• Chinese economic data out today whiffed across the board.
  • Fixed asset investment in urban areas grew at an annual rate of 6.1% in the first five months of the year, the weakest performance since early 1996.
  • Retail sales growth also slowed sharply, increasing at an annual pace of 8.5%, the lowest level in 15 years. The deceleration was put down to seasonal factors.

Chinese economic data missed across the board in May, creating renewed concerns over a slowdown in the second half of the year.

Investment in fixed assets in urban area was particularly weak, driven primarily by softer infrastructure work.

According to China’s National Bureau of Statistics (NBS), urban fixed asset investment grew by just 6.1% between January to May compared to the same period a year earlier, well below the 7.0% annual increase seen in the first four months of the year.

It was the weakest growth seen since February 1996, according to Reuters calculations, and well below the unchanged reading expected by economists.

The NBS said the sharp deceleration largely reflected weaker infrastructure investment.

Investment in the private sector — accounting for around 60% of total investment — grew at an annual pace of 8.1% in the first five months of the year, down from 8.4% between January to April.

Investment in the property sector grew 10.2% from a year earlier, down fractionally from the 10.3% annual pace seen in the first four months of the year.

So far this year, property sales by floor area grew by 2.9% compared to the same period in 2017.

Mirroring the investment performance, both industrial output and retail sales also undershot economist expectations in May.

Industrial output grew by 6.8% from a year earlier, down from 7% in the 12 months to April and below the 6.9% level expected.

Mining output increased by 3.0% over the year, outpaced by growth of 6.6% and 12.2% respectively for manufactured goods and the production and supply of electricity, thermal power, gas and water.

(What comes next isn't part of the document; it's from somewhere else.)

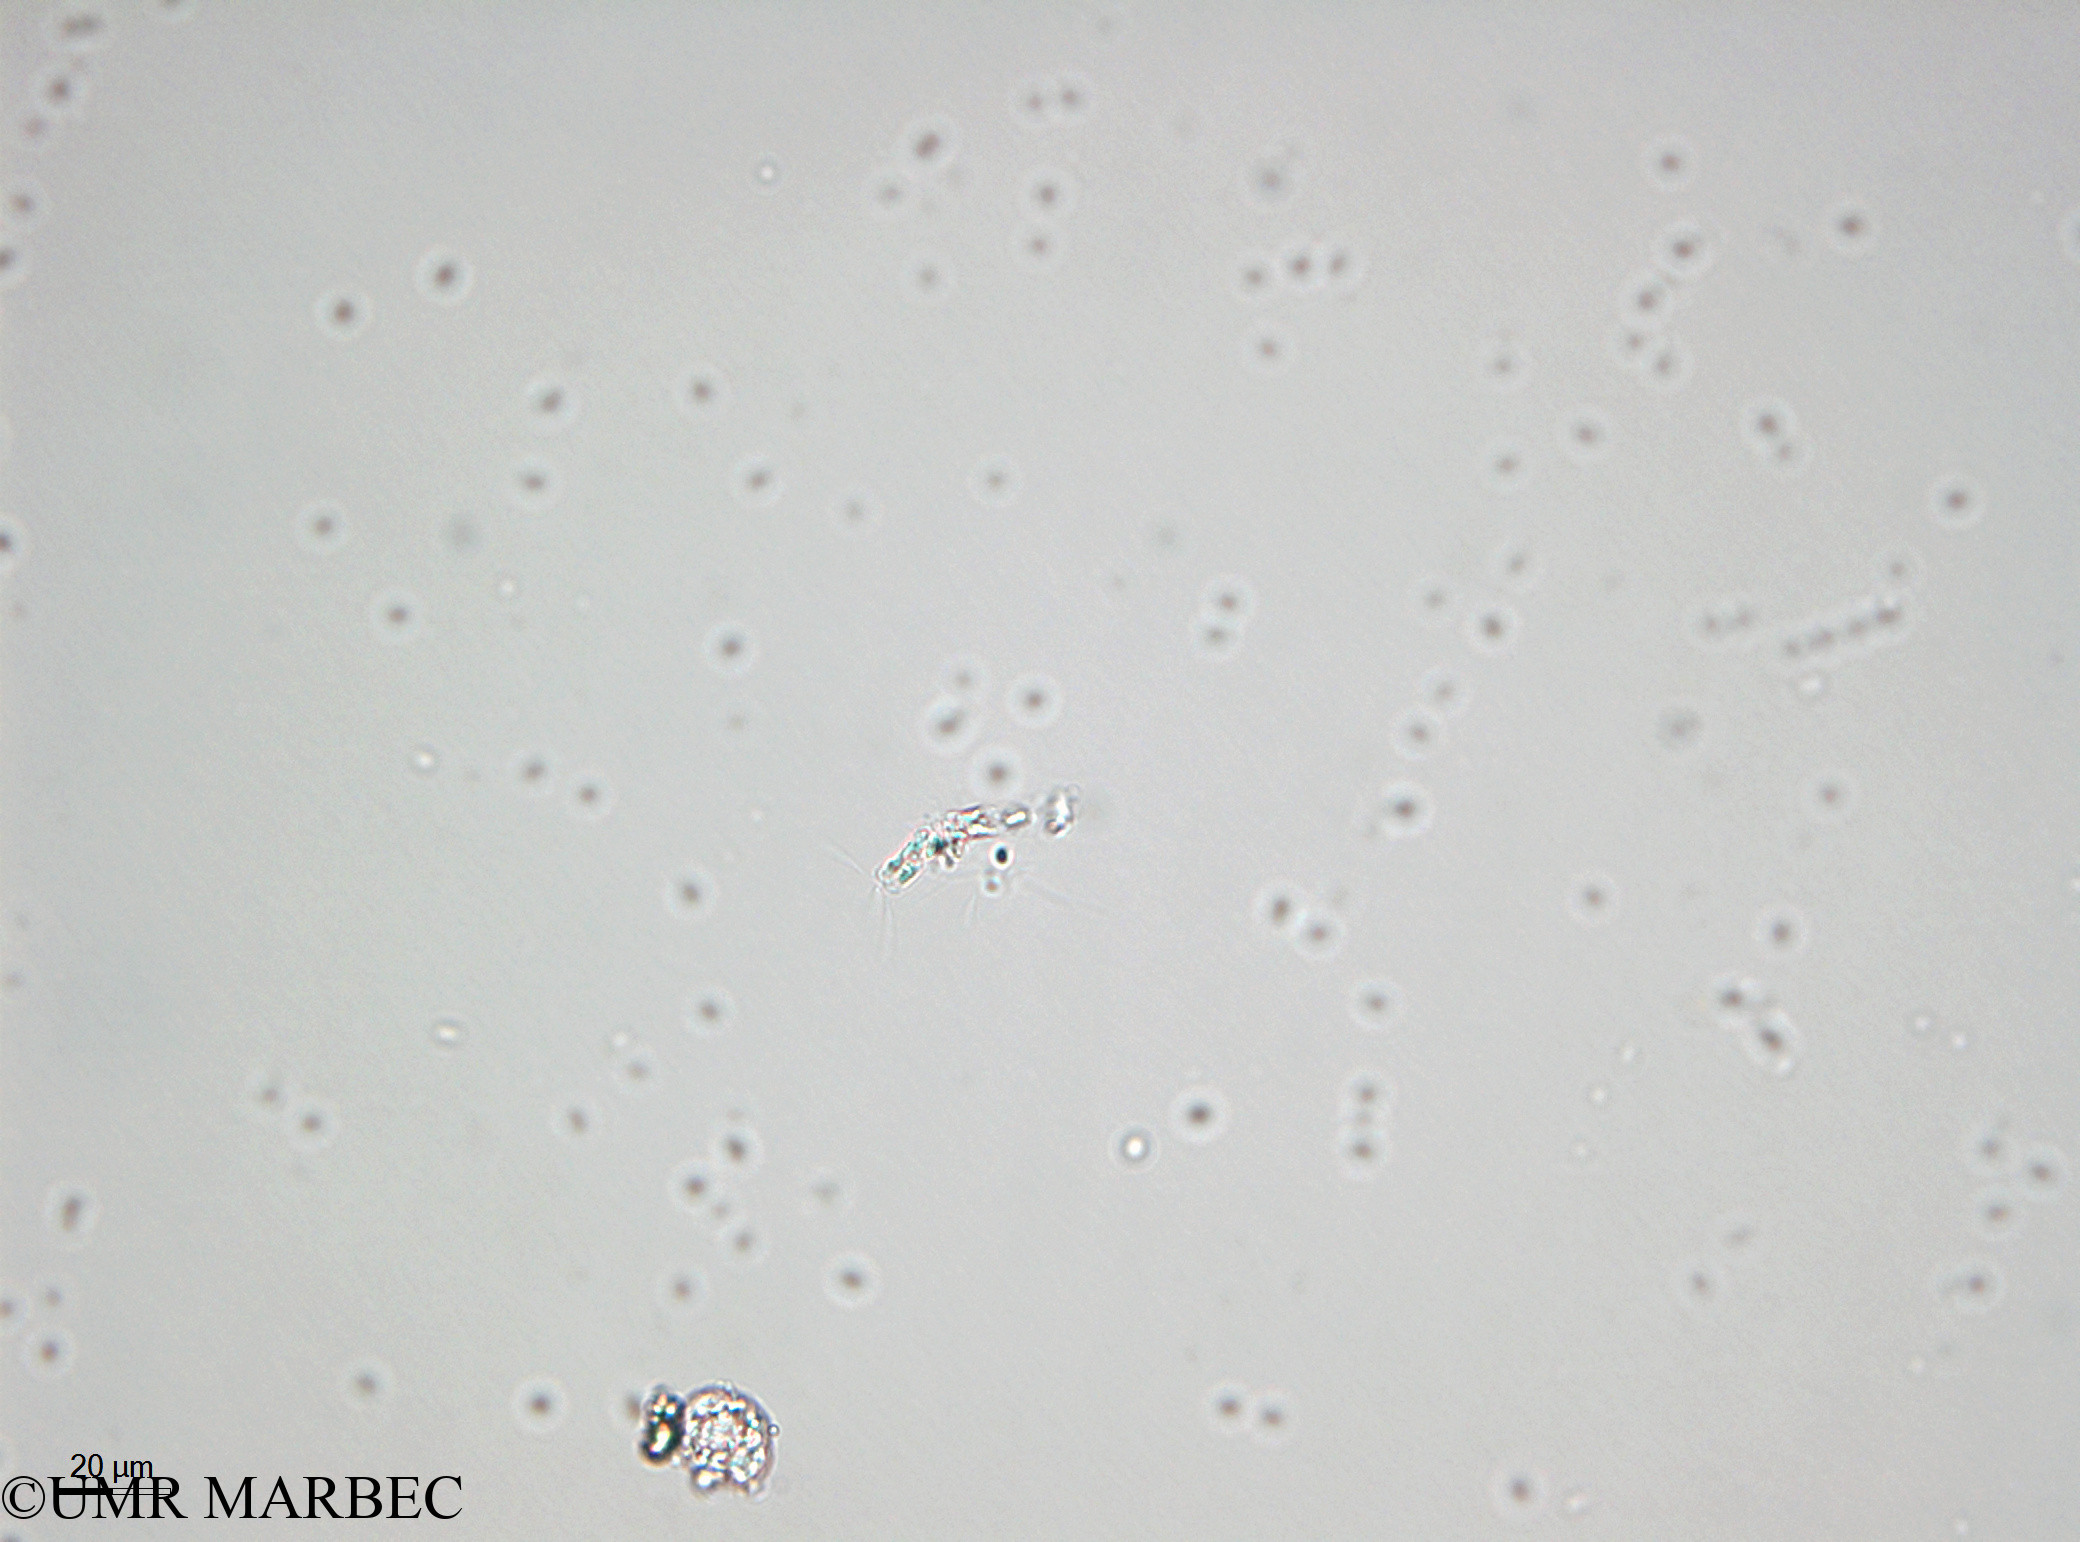 phyto/Bizerte/bizerte_bay/RISCO April 2014/Bacteriastrum sp4 (140728_001_ovl-3).tif(copy).jpg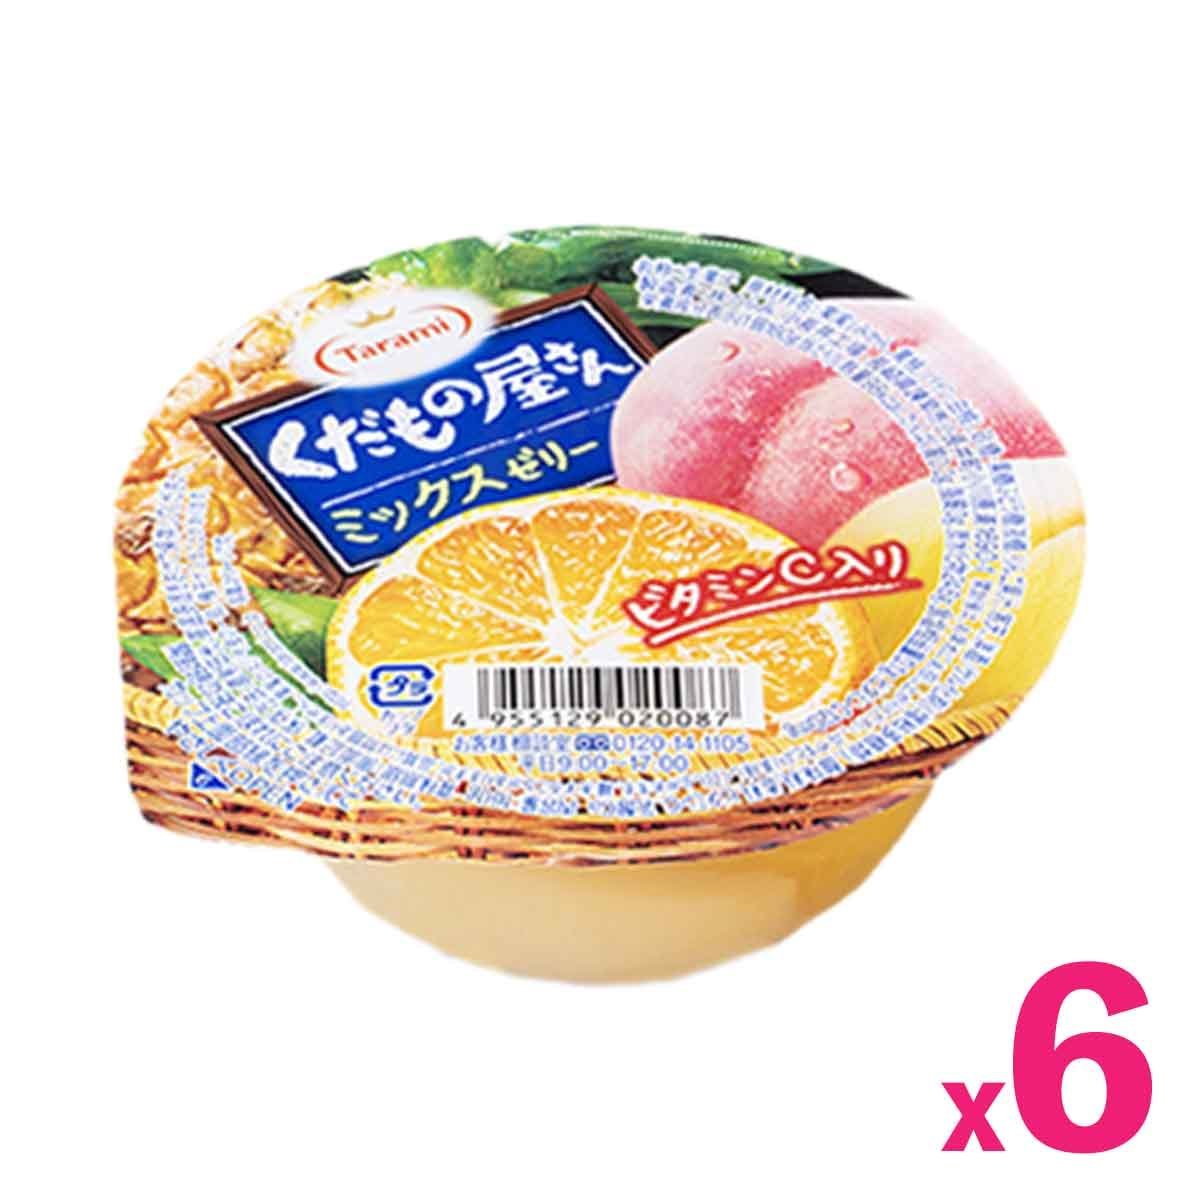 Tarami Tarami Fruit House Juicy Jelly Mix Fruit 160g X 6pcs Hktvmall Online Shopping

Retail sales also whiffed, growing by 8.5% over the year, down from 9.4% in April.

It was the weakest result since June 2003, and well below forecasts for an acceleration in sales to 9.6%.

A spokesperson for the NBS said the result was driven by seasonal factors leading to delayed consumption.

Despite the broad-based slowdown, the NBS described the economy’s performance in May as “steady and sound” with “good momentum”.

However, it raised concerns about external factors that could create headwinds for the economy in the period ahead.

We must be aware that the external instabilities and uncertainties are increasing,” the NBS said.

“The problems of unbalanced and inadequate development in China are acute and the foundation for the economy to maintain the sound momentum needs to be strengthened.

“We should follow the general working guideline of making progress while maintaining stability, focus on the supply-side structural reform, coordinate the efforts in stabilizing growth, stimulating reform, adjusting structure, benefiting people’s livelihood and fending off risks.”

On Friday, the US government will finalise a list of up to $US50 billion in Chinese imports that will be subject to 25% tariffs.